I’m using Optimization.jl and Optim.jl to solve an optimization problem for which I have gradient information (via AD). What I’ve found is that the methods that use the gradient information perform worse than the derivative-free methods. The gradient-based methods seem to get stuck, despite a large gradient value.
Why is this? I would expect that the gradient methods could get stuck if they find a point in parameter space where the derivative is zero, but here it’s not. If they’re not moving, is it something with the line-search portion of the algorithm that is deciding to take an infinitesimally small step?
Yes. In the figure below, the gradient is shown at two different points. The blue orange circles are at the initial point, and orange blue are at the final step of BFGS.
Hm, are you sure your gradient is correct? The stopping criteria seem to indicate it stopped because the function value change was small enough (both absolute an relative it was zero, and the last step was of size 1e-25, so basically no step.
This usually happens when the gradient is wrong (and hence in (L)BFGS the hessian approximation) and with that Armco line search does not find a proper step site (larger than - say 1e-3), on the other side the gradient norm (above 1e-5) is still super large. So I suppose your gradient might be wrong.
One can also see there were a lot of steps Armijo (or the line search in general that was used) tried, since while only doing 7 or 8 iterations (L)BFGS has 312 something gradient and function calls. I would usually expect something like 5-6 calls per iteration, not 50.
But from the run time it also seems sour problem is much larger than the ones I test and I usually do not use Optim, so I can not directly tell you more than these theoretical things I just wrote.
edit I am also a bit surprised the one entry in the gradient even increases so much, but that might be misleading in such high-dim problems.
The fact that the two gradient-based methods actually converged to some local minima suggests that there is more likely something wrong with your problem, i.e. it is not convex in the region where you are searching for the solution.

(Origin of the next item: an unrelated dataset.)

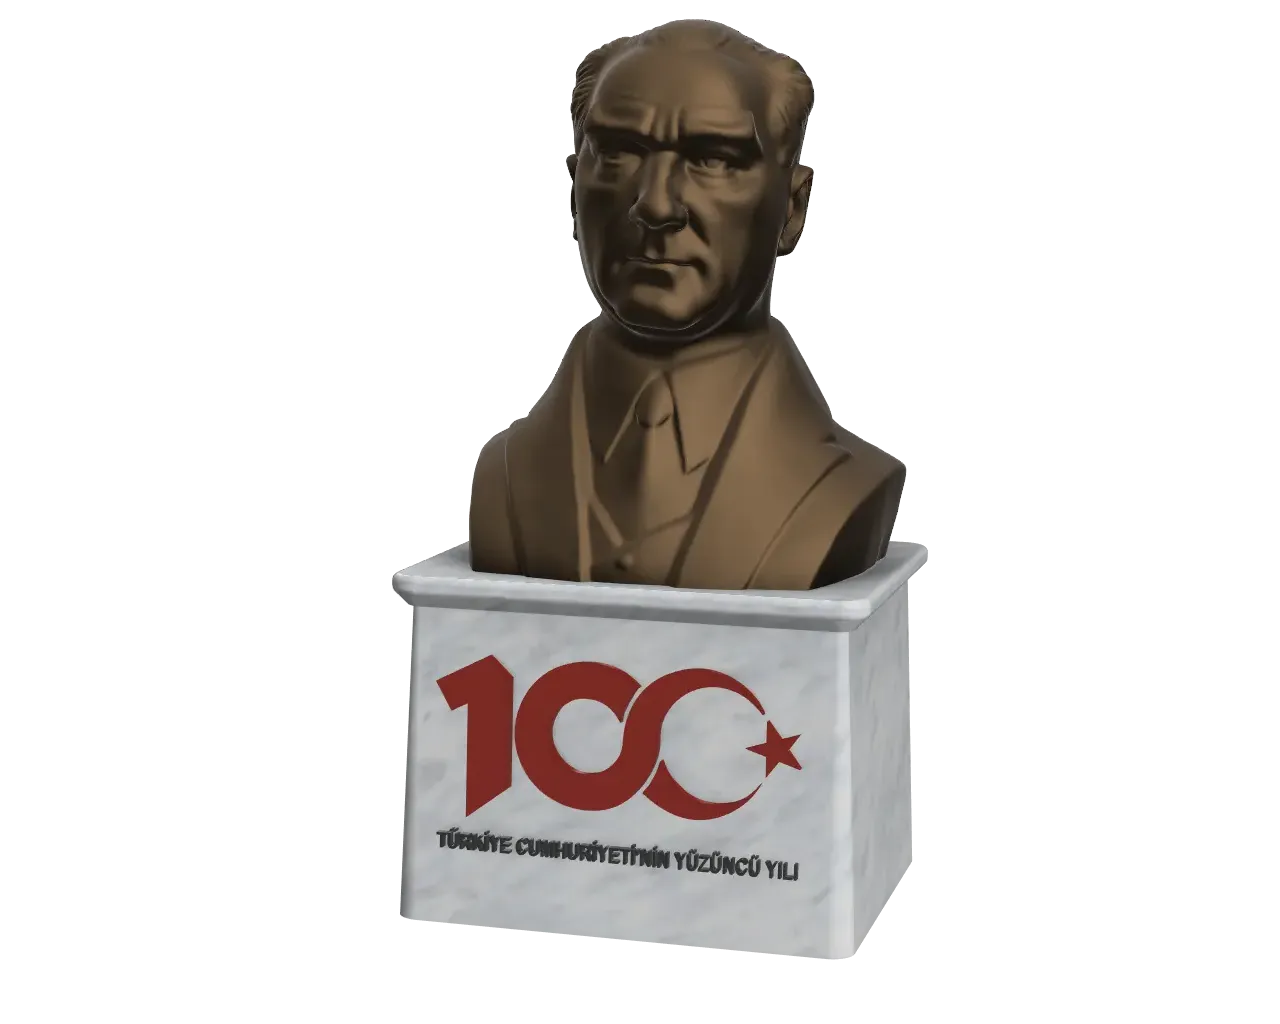 Mustafa Kemal Atatürk - Türkiye Cumhuriyeti'nin 100. Yılı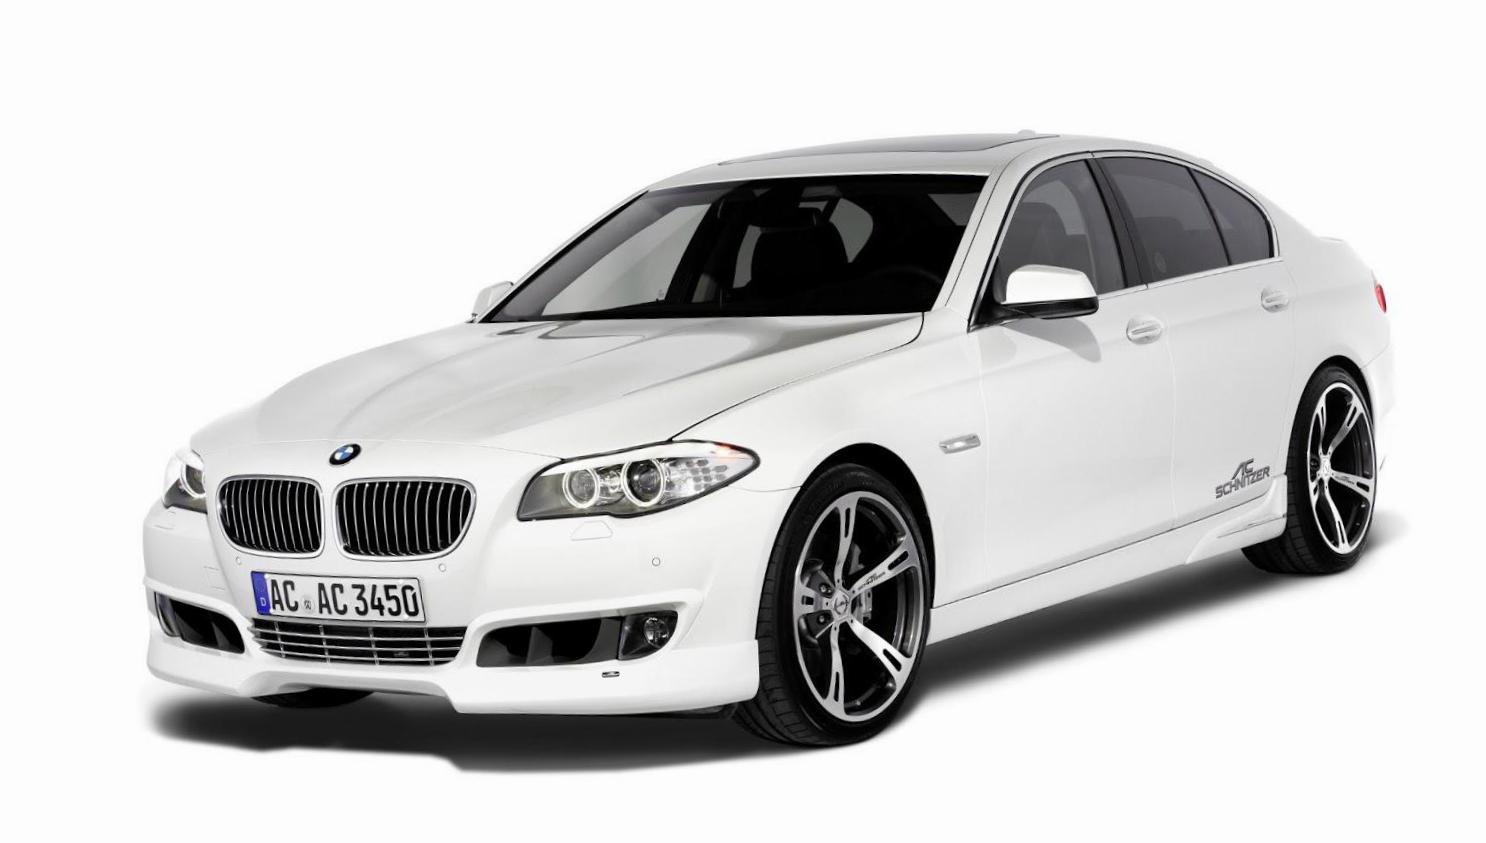 5 Series Sedan (F10) BMW price 2010

A deeper dive on this exposed a bug in the original target function that was missed by our original test case. This has now been fixed, but a similar question remains. When performing gradient-based optimization, the optimizer exits successfully but reports that the gradient is still non-zero. I would like to ask a (probably elementary) question about this, as to me it doesn’t make sense that a local minimum with a non-zero gradient can exist. The optimizer appears to be stopping because it cannot take a further step, how is that possible if gradient is non-zero? I do expect this problem to have many local minima.
You’re right, it is constrained and it does look like it’s hitting the boundary. That was indeed an elementary question. We don’t yet have easy access to the Hessian for the implicitly differentiated problem, so we haven’t yet been able to use interior point or trust region methods.
Another point might be your stopping criteria. As mentioned above, if you stop because either your step (in x) is in relative or absolute terms very small (first two convergence measures) or the same for the cost (3rd and 4th criterion) – those are – at least for me – not directly convergence criteria, but just stopping ones that do not indicate convergence to a stationary point.
If you do very small steps, you might also just be “in a mean area” of your cost (cf. Rosenbrock problem) or, more likely, still have a bug somewhere.
And sure for a constrained problem you of course have the complementary that at a boundary the gradient and the (weighted by dual variable) gradient of the constraint sum to zero, but the gradient might per se not be zero.
Or as a maybe illustrative example: Imagine your minimiser is slightly outside your feasible region. The (negative) gradient still points to that even if you are at the boundary. but the gradients of the (active) constraints counter that and avoid that you go there.
You can also do Trust region with an approximate Hessian like one approximated similar to L-BFGS in quasi newton based on gradients collected.
Thank you @kellertuer for the helpful comments and advice, I appreciate it.
The resolution is that the gradient calculation is indeed incorrect. A finite difference approximation with the corrected target function does not yield the same gradient as the autodiff calculation. Running a small optimization with the finite difference gradient calculation does not have the issues I was seeing before.
@gdalle This may be due to an me incorrectly using ImplicitDifferentiation, I will try to come up with as minimum a working example as possible and open an issue.